The director of the Muslim charity Forward Thinking, Huda Jawad was reported by the BBC as raising doubts about levels of support from many Muslims for the Foundation, given Blair's foreign-policy record.

On 2 April 2009, sceptic and secularist Richard Dawkins mocked the Foundation in a spoof letter, published in the New Statesman. In it, Dawkins ridiculed the idea that faith is not a divisive force, and attacked religion's record on promoting dialogue and equality.

Between April 2008 and April 2009, the foundation raised more than 3.5 million pounds, and paid, according to the Daily Telegraph, six-figure salaries to its top officials. An implied criticism was that these pay scales were in line with much larger charitable organisations. However, the wages were also reported to be the result of external recommendations and a strategy of hiring a small number of capable senior staff to co-ordinate a variety of efforts.

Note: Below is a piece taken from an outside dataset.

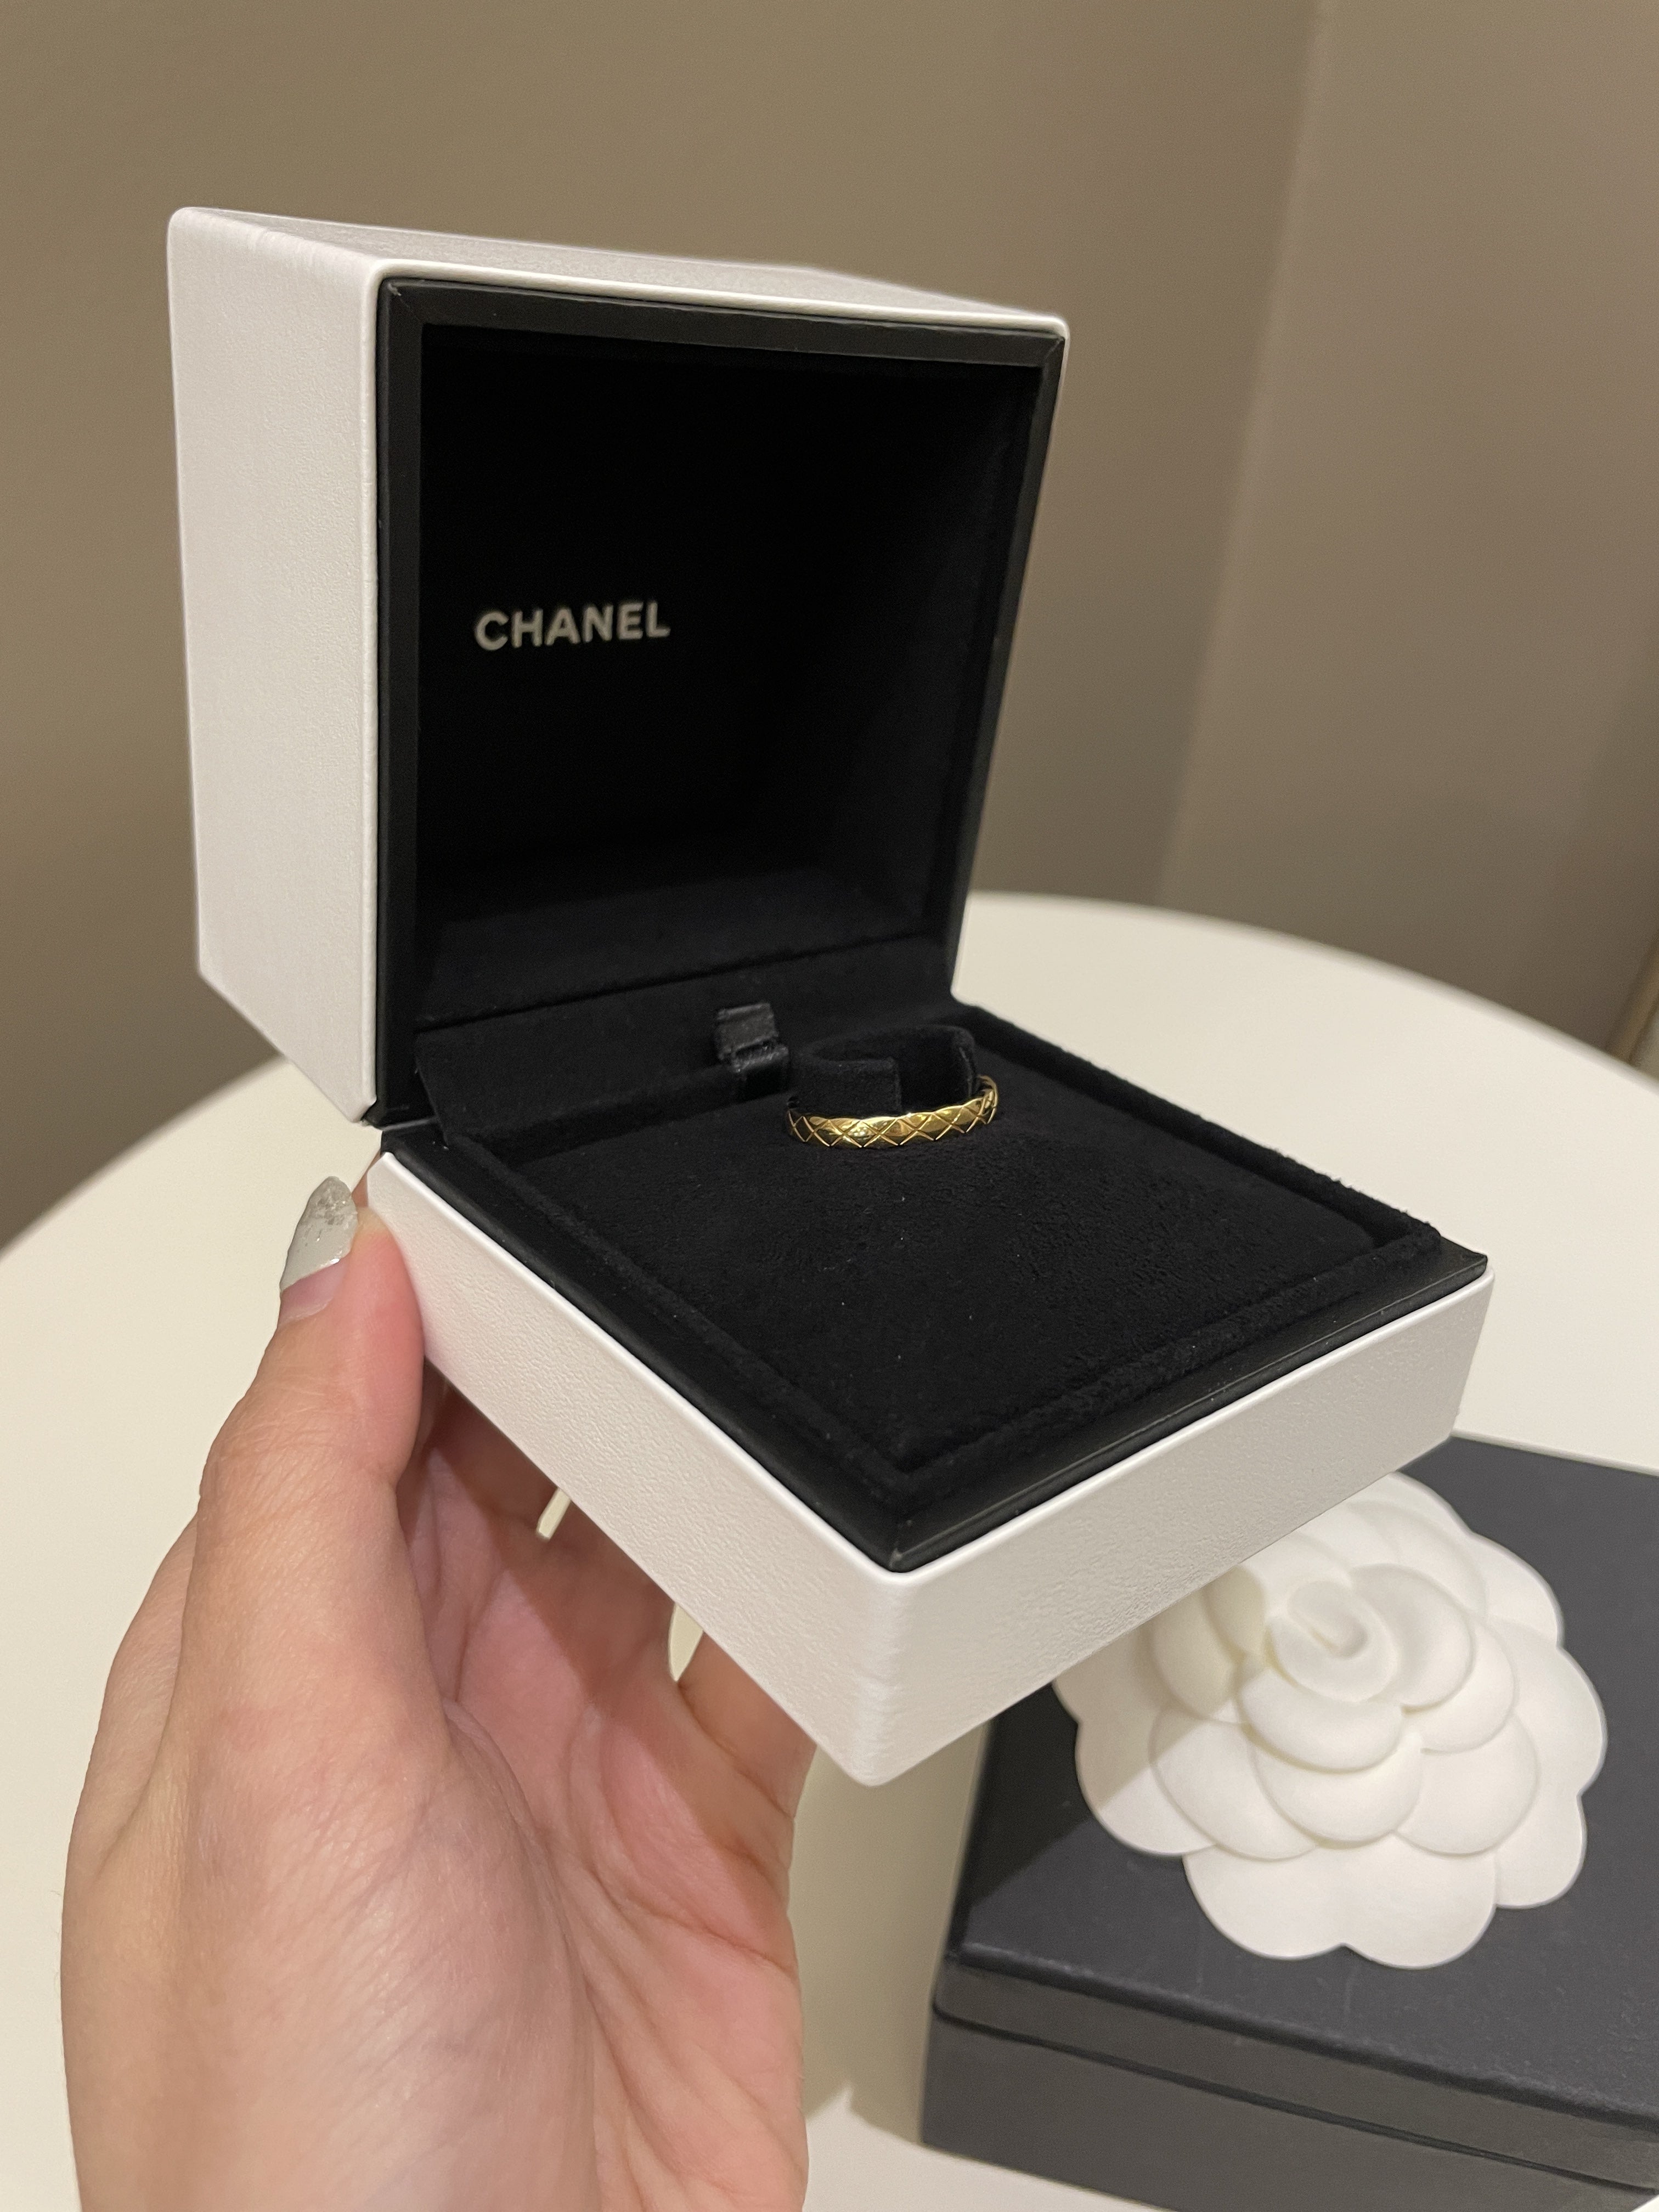 Chanel COCO Crush Ring
18K Yellow Gold

A former editor of a Foundation website, Martin Bright, was critical of the organisation and its style. He mentioned the problems associated with the need to tiptoe around some of Tony Blair's business interests in Kazakhstan, Romania and the Gulf, his advising of the new government of Egypt being "a nightmare", the organisation's use of "ritzy offices in a West End tower block", the employment of five people in a communications department "whose sole aim seemed to be to say as little as possible" and the use of unpaid interns.